Thursday, April 16, 2009

“Why Haynesville Will be the Last Field Standing”

That was the title of GMX Resources presentation at the Developing Unconventional Gas (DUG) conference last week. Since they are more or less a pure play on the Haynesville Shale, it is probably as much wishful thinking as a prediction. The presentation was an interesting source of information about GMX as well as others, as the excerpted slides show below. While I did pick and choose some images, I recommend reading the whole presentation (here’s a link). There is good info in the presentation about current drilling operations, technical analytical material (i.e. logs), well economics and competitive intelligence, especially on Chesapeake and Petrohawk.
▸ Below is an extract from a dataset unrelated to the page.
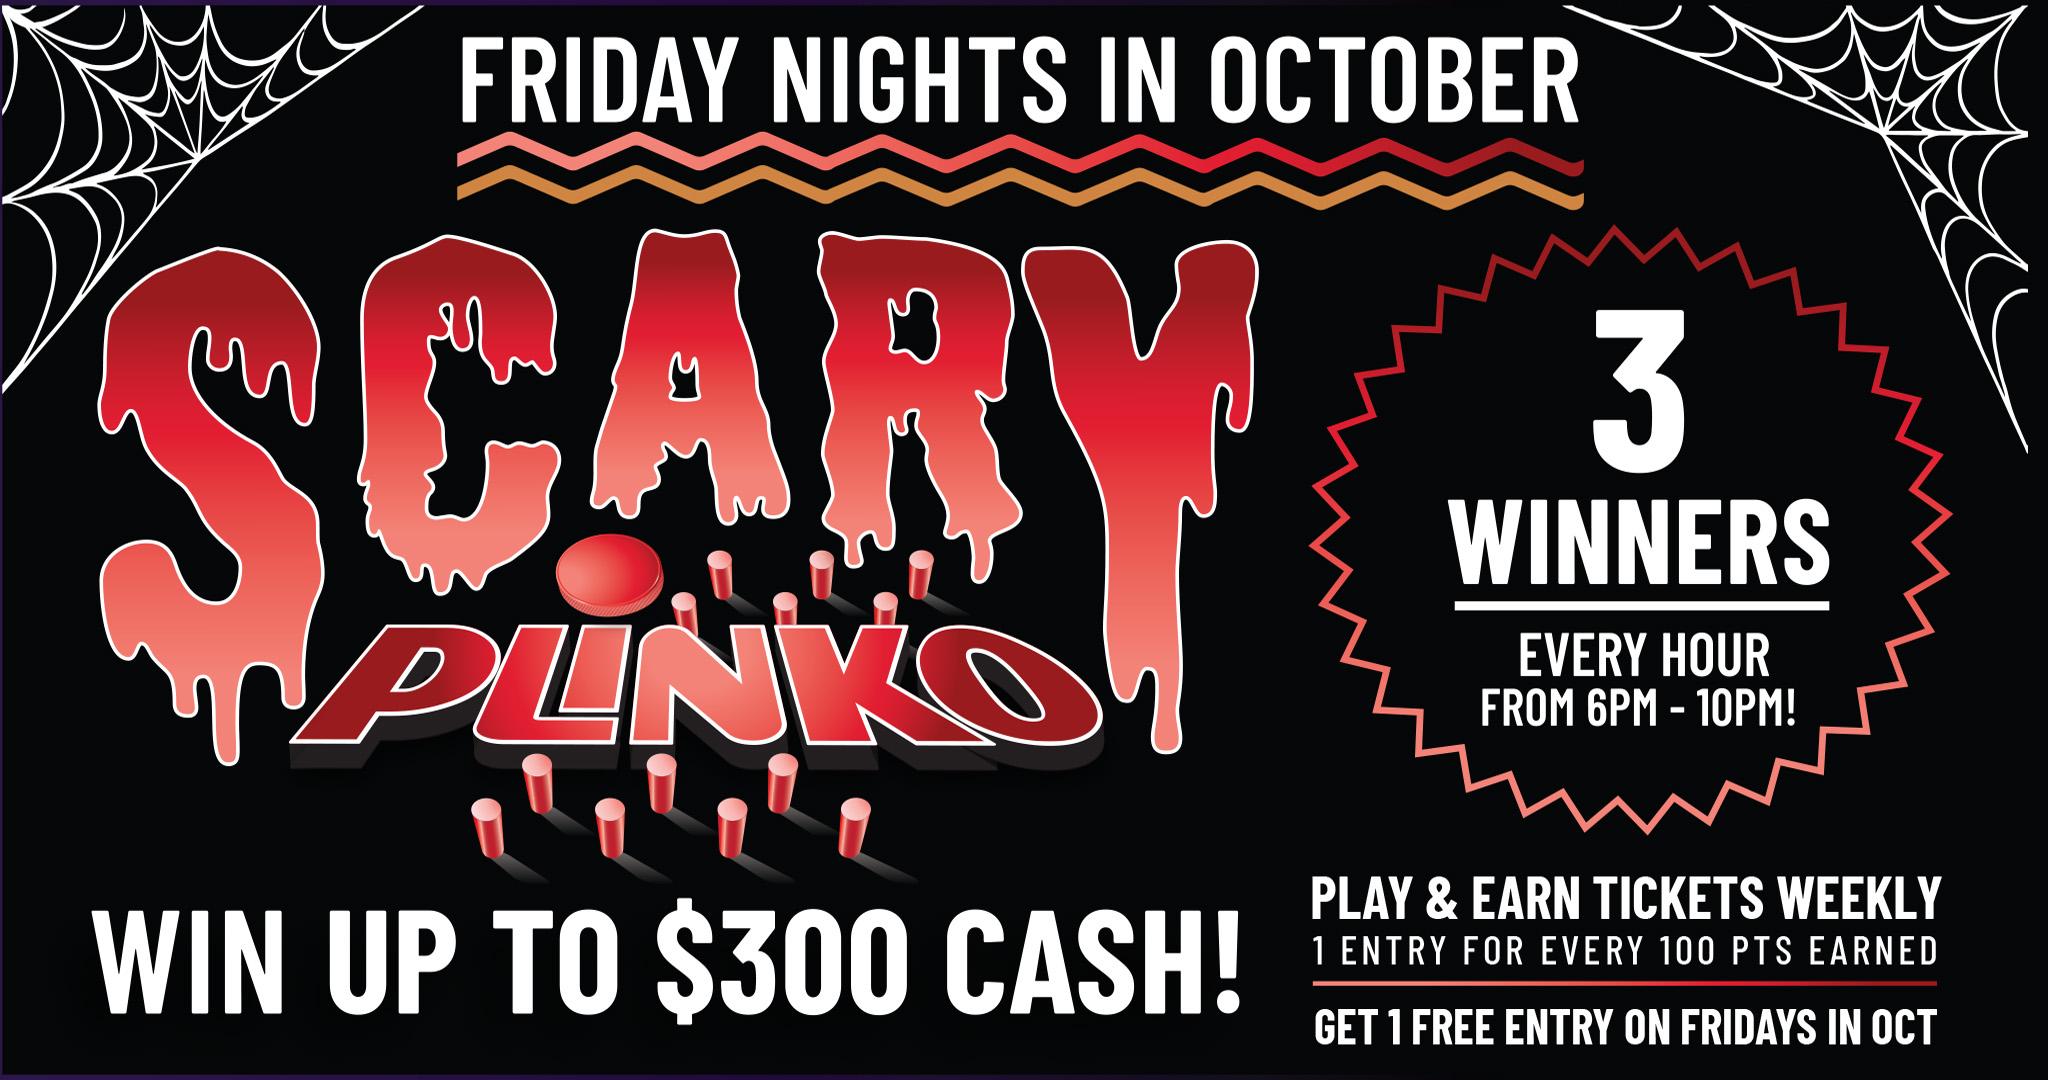 Wanaaha Casino Scary Plinko

Below is a great graphic that summarizes the capital budgets of each company in the Haynesville Shale (size of dot) and how much of that budget is allocated to the Haynesville Play (vertical axis). I love it when someone can depict a lot of information in an easy to understand graphic.

The presentation also had information about fracturing that was pretty interesting. It showed a graphic depiction of fracturing with slides showing an aerial shot and a cross section.




There was also an interesting graphical depiction of the capex behind well cost, showing the that companies are reducing costs by squeezing suppliers and speeding time to market for the gas. The bar chart shows the different components of the costs of a well. While it's nice to see a breakdown, the category titles are vague, and the reader is left wondering whether or not land acquisition costs are included in the well economics.



GMX engaged in a lengthy discussion of hedging. Having locked in good forward selling prices is vital for the survival of the E&P companies. There are a few good slides in the presentation addressing this, but I won’t go into that detail. GMX also comes out saying that they are confident that gas prices will rise (although I read a quote by Dan Pickering of Tudor Pickering Holt & Co, an influential analyst, noting that there are lots of people talking about $2 gas by the fall (note: he didn’t say that he was predicting this)). GMX quotes a Bloomberg article that notes that a survey of 20 analysts sees gas trading at $7/MBtu in January 2010 and January 2010 futures are trading at a 49% premium to the current price.

Finally, I have included a couple of slides showing current drilling activity in the Haynesville Play. Note that the second slide has good detail by company for the Texas side of the play.